▸ Given material
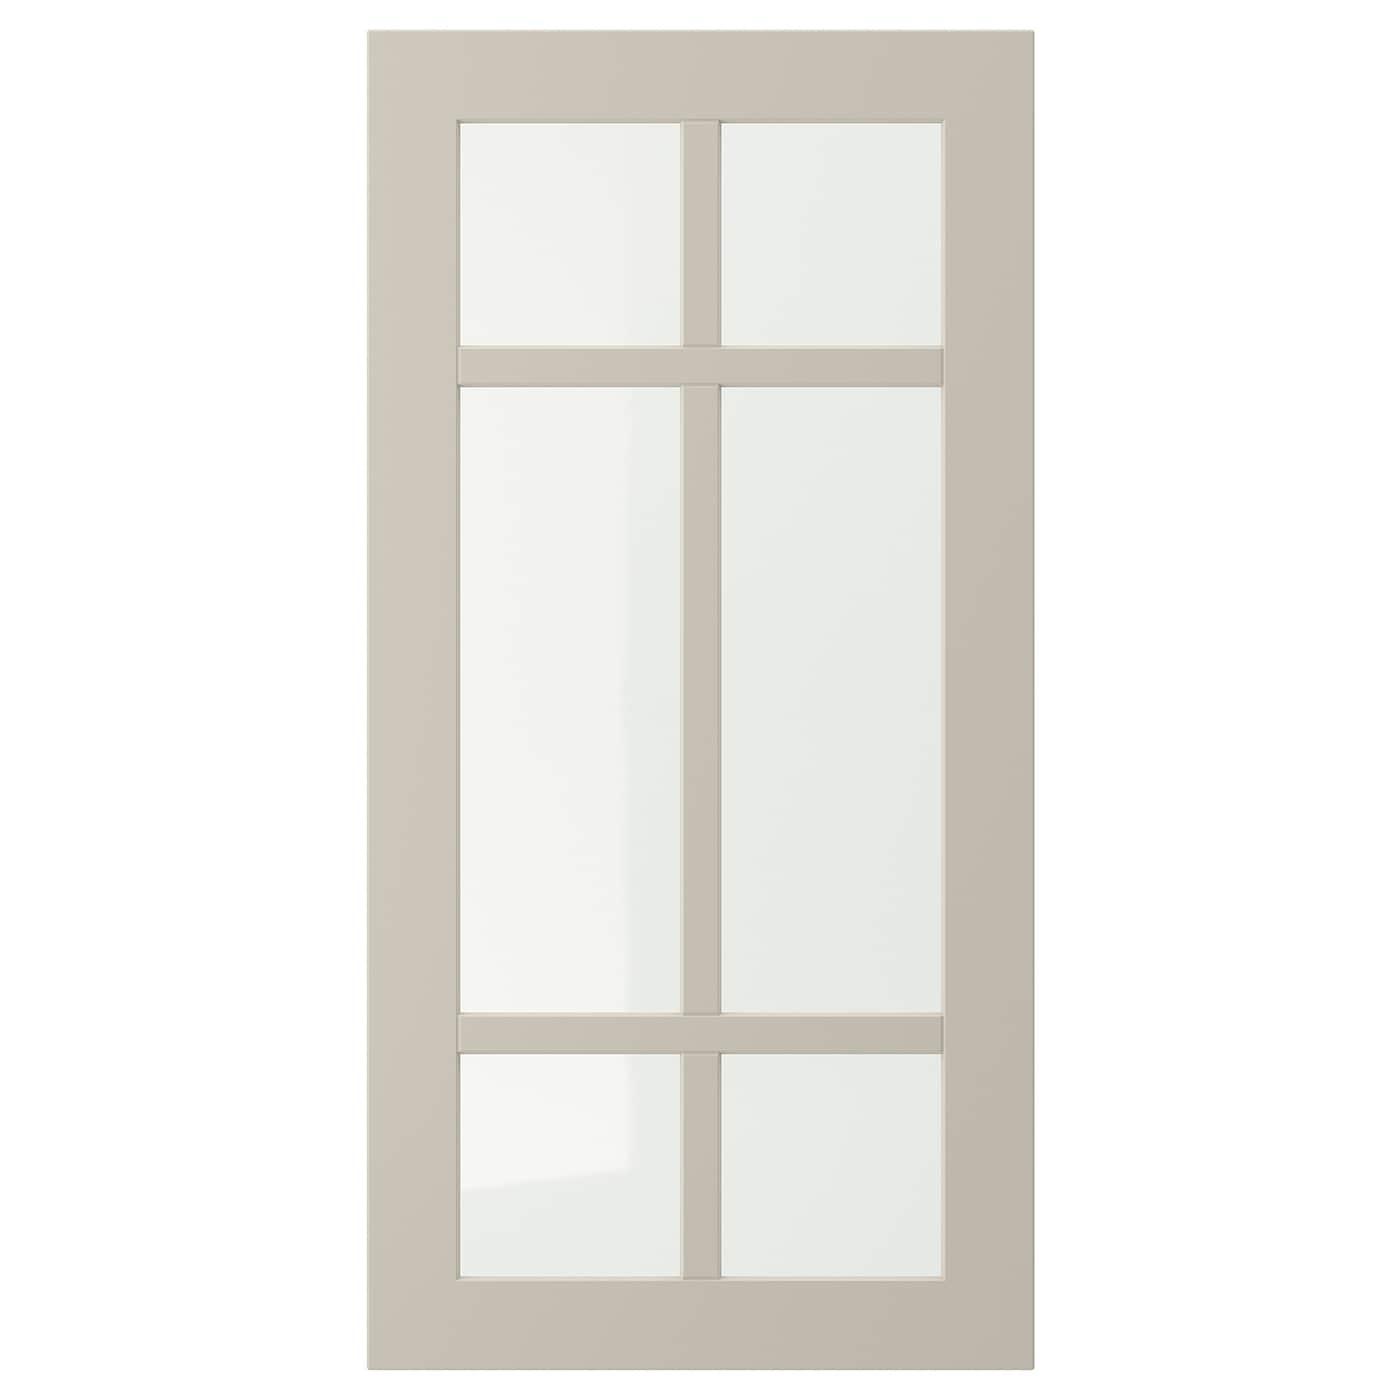 Дверца со стеклом - IKEA STENSUND, 80х40 см, бежевый, СТЕНСУНД ИКЕА
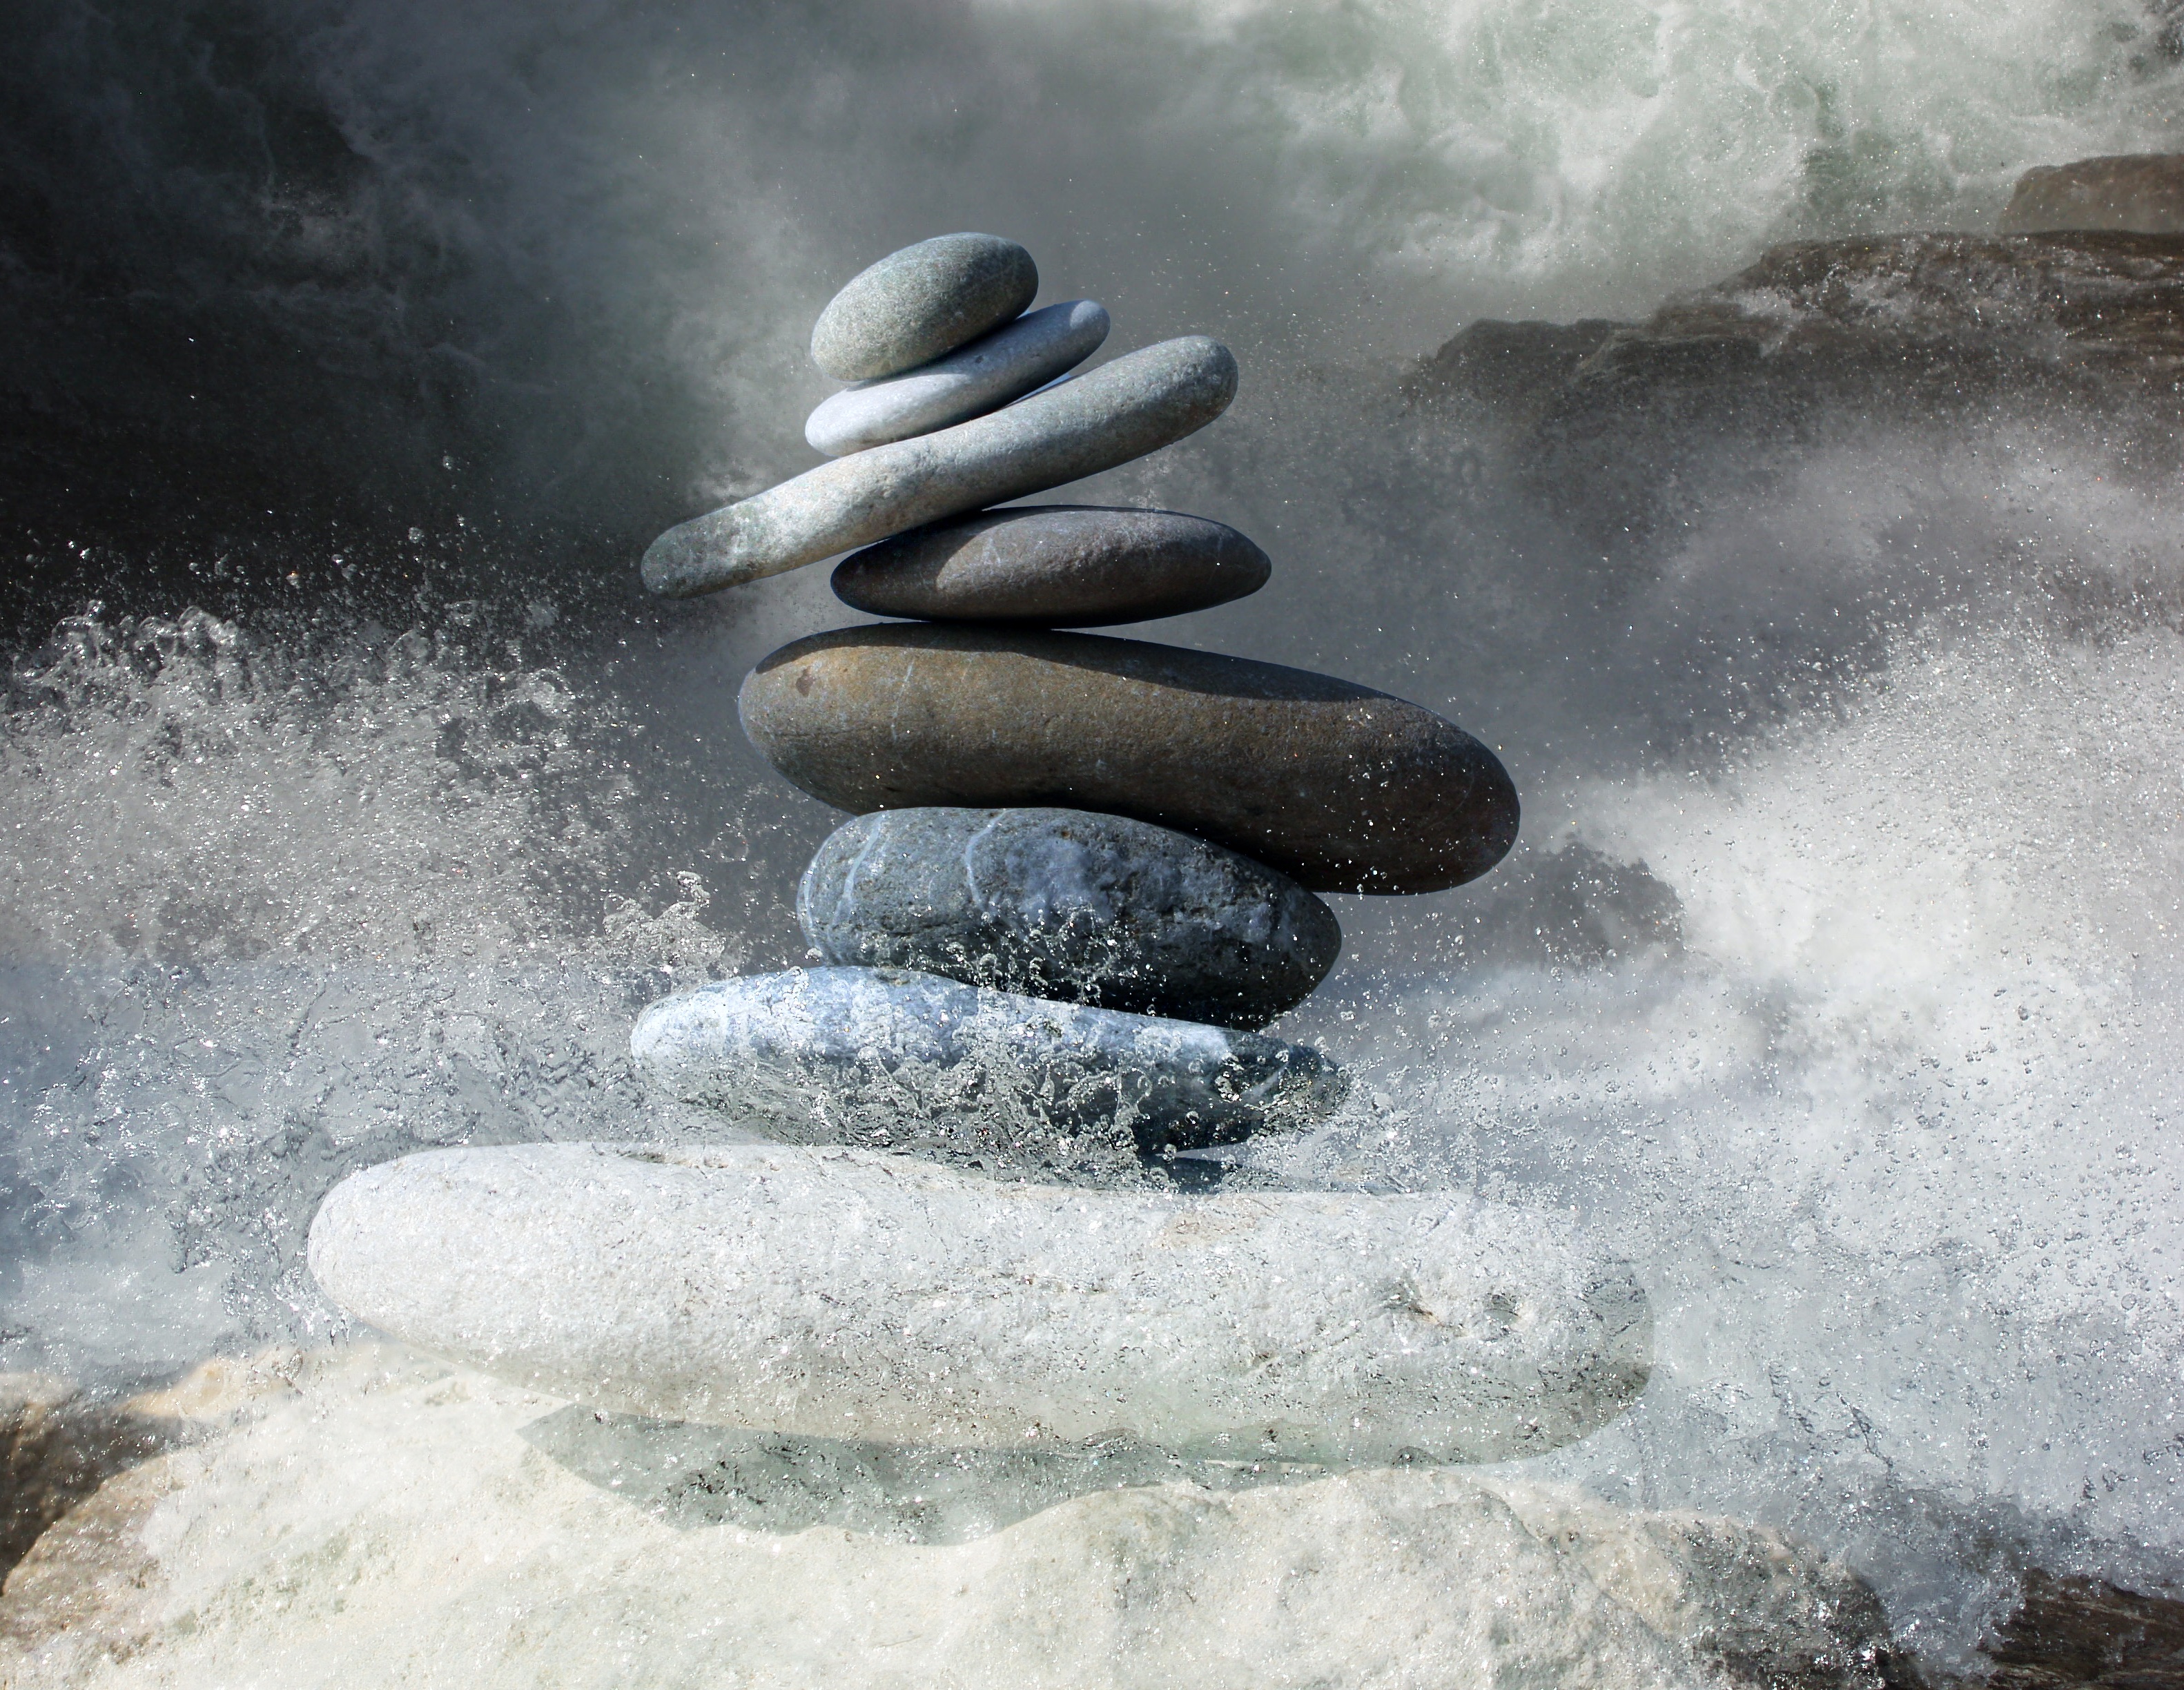 Zen Stones with Water Splashing Around Them by Karen Arnold
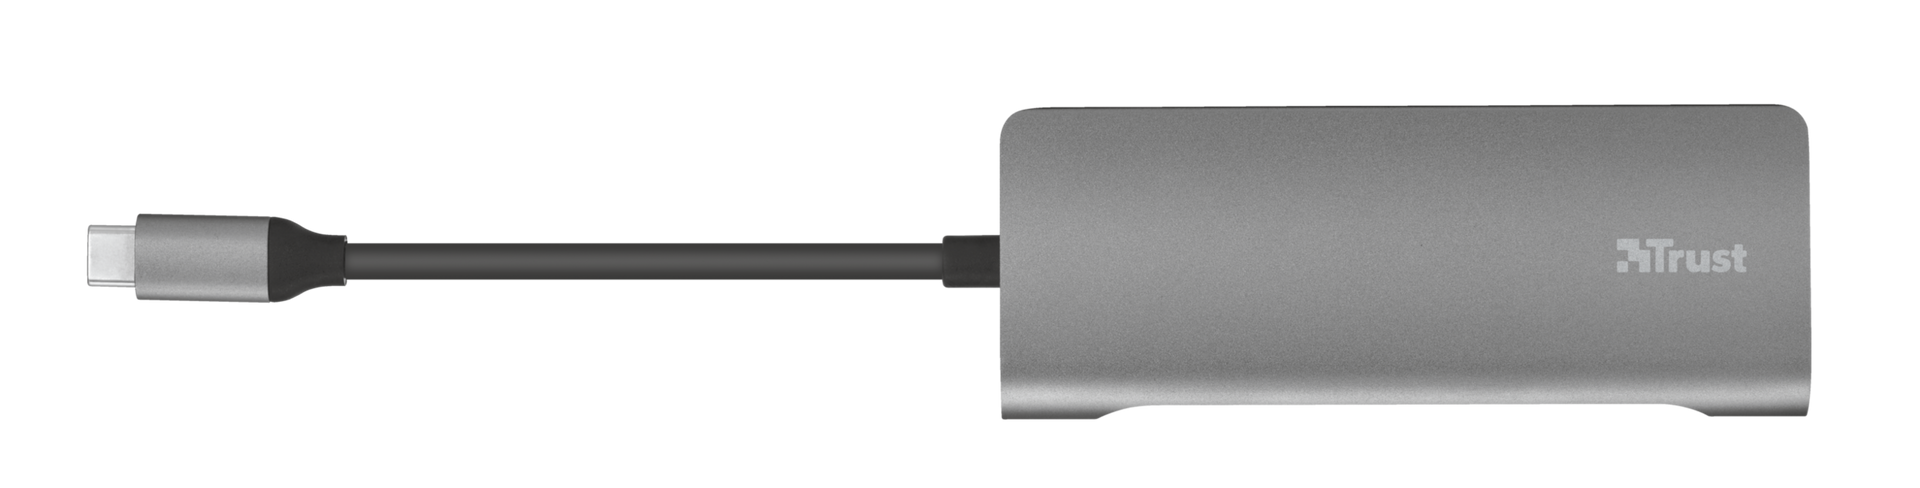 Dalyx Aluminium 7-in-1 USB-C Multiport Adapter-Top

▸ Exercise description
Repeat all the data as it stands, dropping any images it holds.

▸ Written solution
 Дверца со стеклом - IKEA STENSUND, 80х40 см, бежевый, СТЕНСУНД ИКЕА
 Zen Stones with Water Splashing Around Them by Karen Arnold
 Dalyx Aluminium 7-in-1 USB-C Multiport Adapter-Top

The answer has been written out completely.